I looked at a proof of the statement in the title, and I got a question about it...
In the proof, it begins with assuming that $X$ is not hausdorff.
Then, there exists $x,y\in X$, w/ $x\neq y$, s.t. $\forall U,V\in\mathcal{T}_X$, w/ $x\in U$ and $y\in V$, and $U\cap V\neq\emptyset$.

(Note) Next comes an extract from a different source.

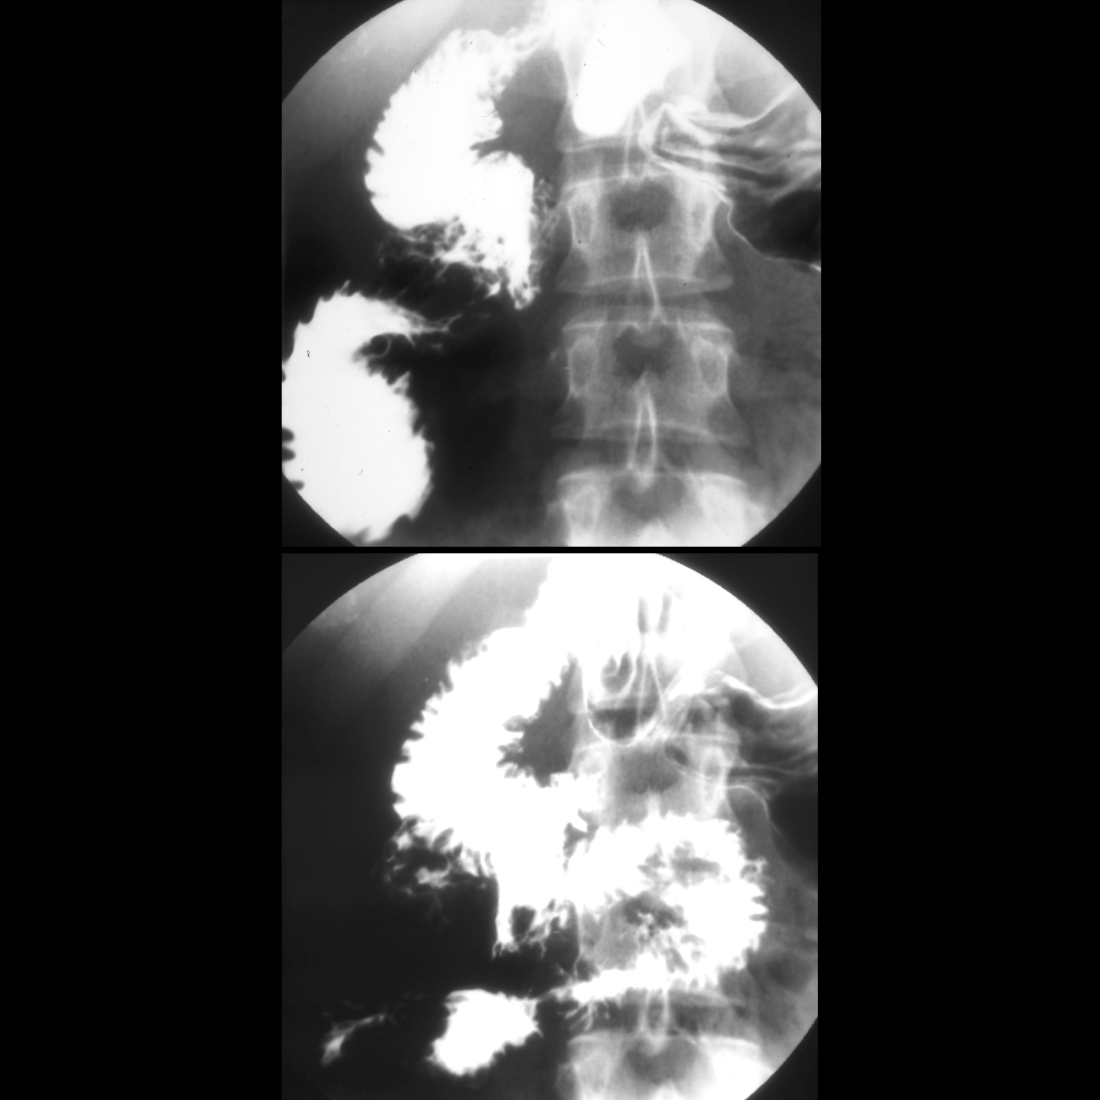 Teenager with chronic vomiting

And then it considers $\Lambda=\{(U,V)\mid U~\text{is a nbd of}~x,~V~\text{is a nbd of}~y,~\text{and}~U\cap V\neq\emptyset\}$, and it claims that $\Lambda$ is a directed set with the preorder $\prec$ on $\Lambda$ defined by $(U,V)\prec(W,N)\iff U\supset W,~\text{and}~V\supset N$.

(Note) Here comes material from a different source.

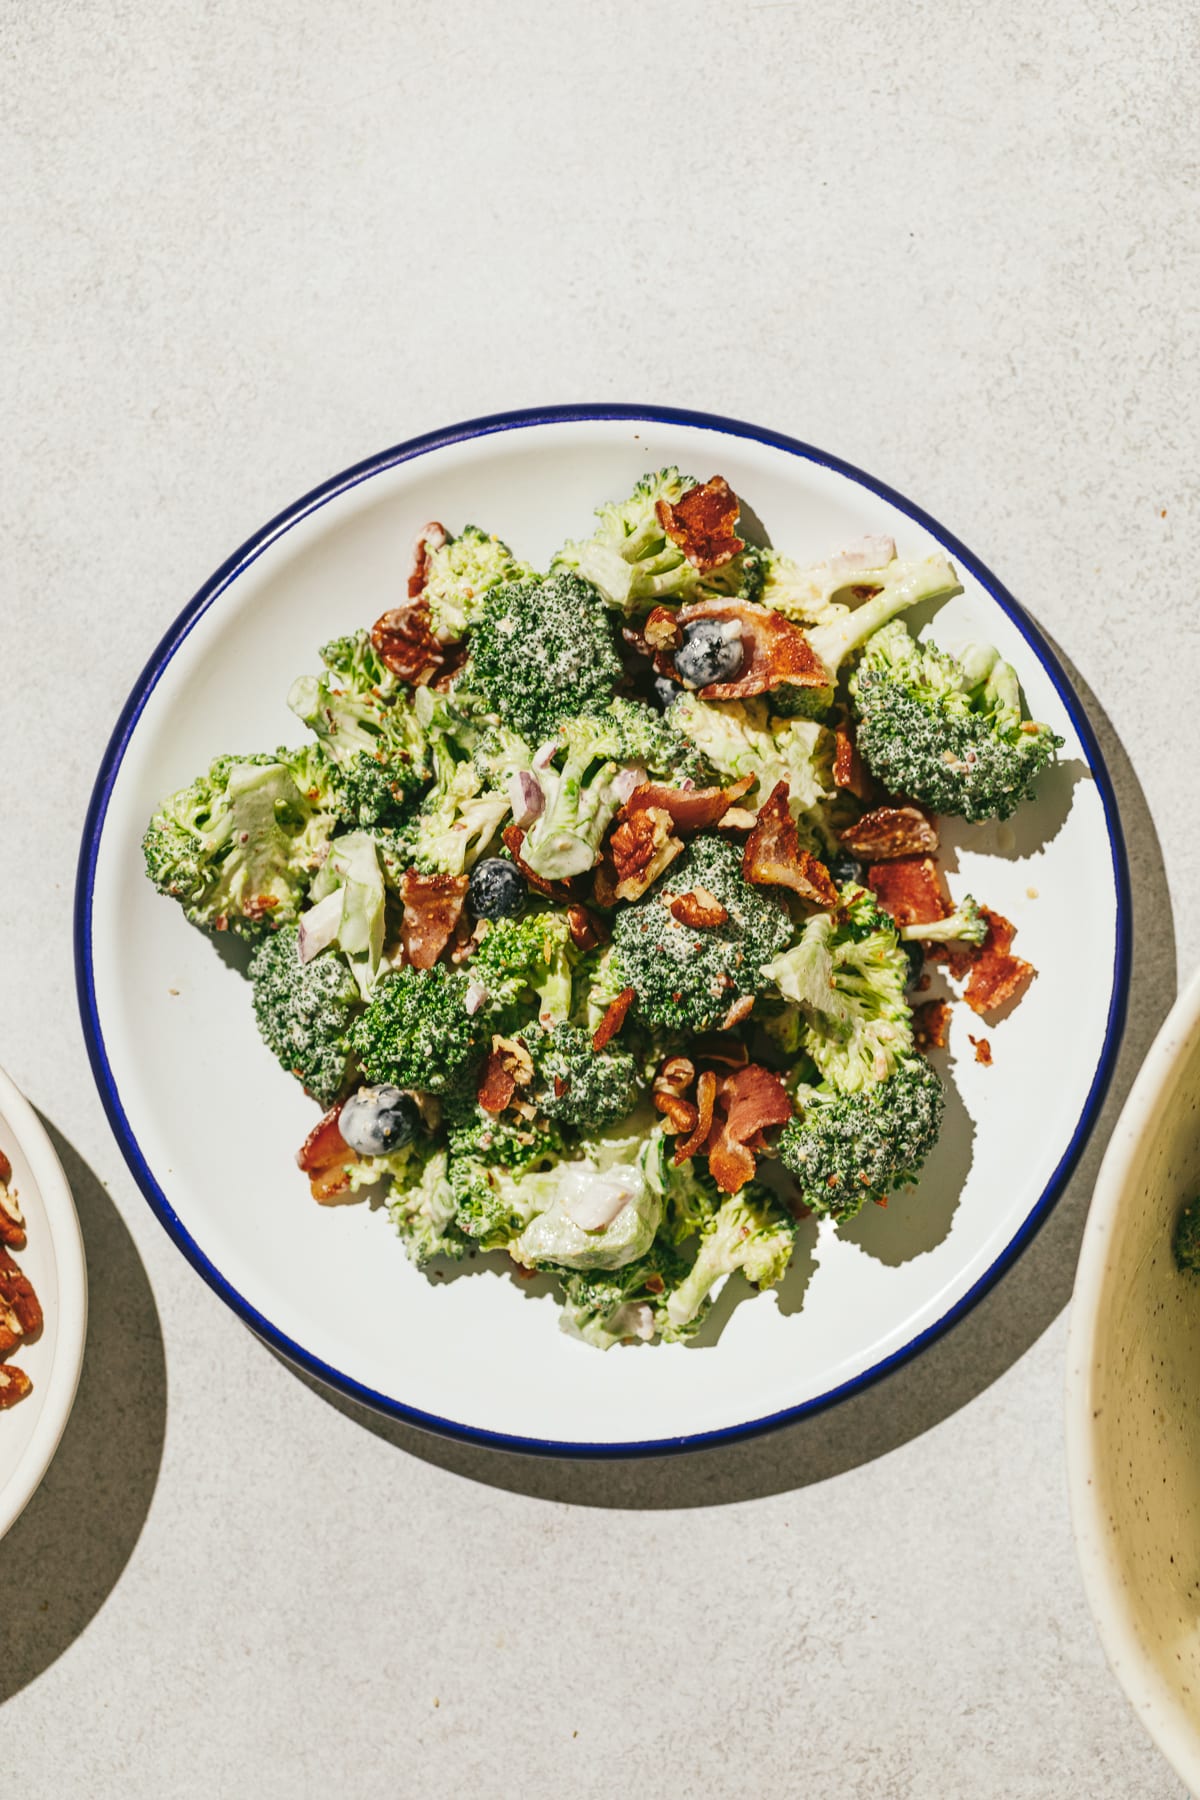 Broccoli crunch salad on a serving plate.

My problem is that I cannot convince myself why $\forall\lambda_1,\lambda_2\in\Lambda$, $\exists\lambda\in\Lambda$ such that $\lambda_1\prec\lambda$ and $\lambda_2\prec\lambda$. In particular, how one should construct such $\lambda$?
Thanks in advance.
Let $\lambda_i=\langle U_i,V_i\rangle\in\Lambda$ for $i=1,2$. Then $\lambda=\langle U_1\cap U_2,V_1\cap V_2\rangle\in\Lambda$, and $\lambda_i\prec\lambda$ for $i=1,2$.